OCR Pipeline: From Blurry Scan to Structured Data in Under 3 Seconds

Maxime ChampouxFebruary 5, 202610 min read

Eighty percent of the world's financial data starts as an image. An invoice photographed on a loading dock. A receipt faxed from a machine manufactured in 2003. A PDF that looks digital but is actually a scanned printout of a screenshot. If you want to build accounting software that works in the real world, you need to process all of it.

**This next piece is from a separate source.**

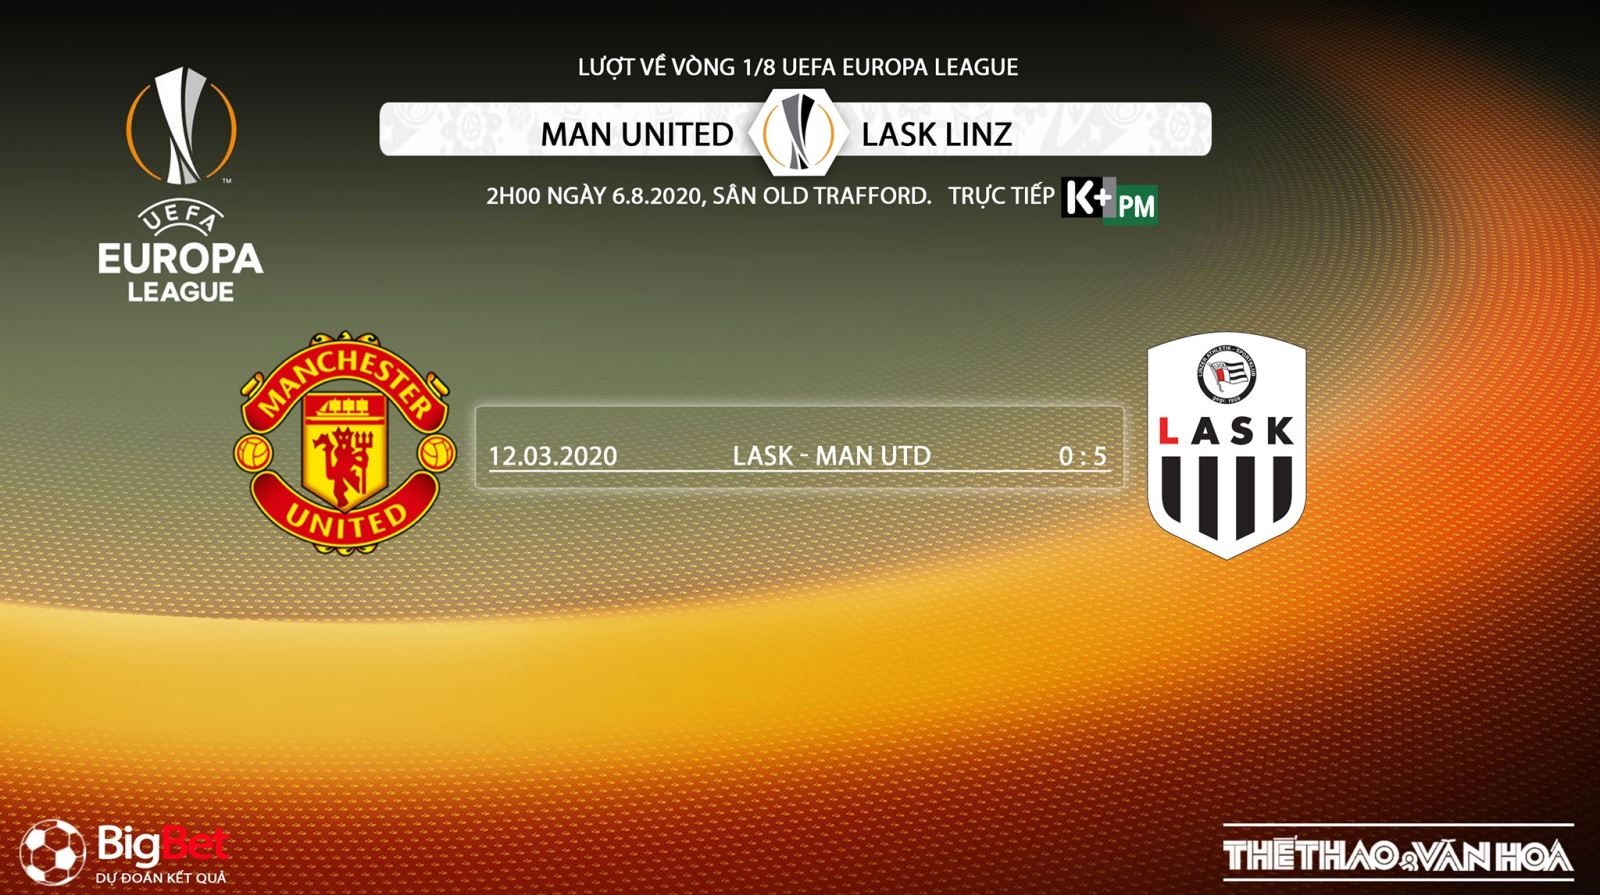 MU vs LASK Linz, MU, LASK Linz, trực tiếp bóng đá, soi kèo MU vs LASK Linz, soi kèo bóng đá, soi kèo, trực tiếp MU vs LASK Linz

We have processed tens of thousands of invoices through Well's OCR pipeline. The median processing time is under three seconds. But the interesting part is not speed. It is what happens between the raw image and the structured record, specifically how a language model catches the errors that traditional OCR cannot.

The Problem with Real Documents

OCR technology has existed for decades. The basic version works fine on clean, well-lit, properly oriented documents. The problem is that almost no document in the wild meets those criteria.

Here is what actually arrives in an accounts payable inbox: a phone photo taken at an angle on a dimly lit warehouse floor. A faxed invoice where the toner was running low, so half the characters are ghosted. A PDF that has been printed, signed with a pen, scanned back in, emailed, printed again by the recipient, and then photographed. Each generation degrades the text further. By the time it reaches your system, the letter "O" and the number "0" are indistinguishable. The euro sign has merged with the first digit. A coffee ring obscures the invoice date.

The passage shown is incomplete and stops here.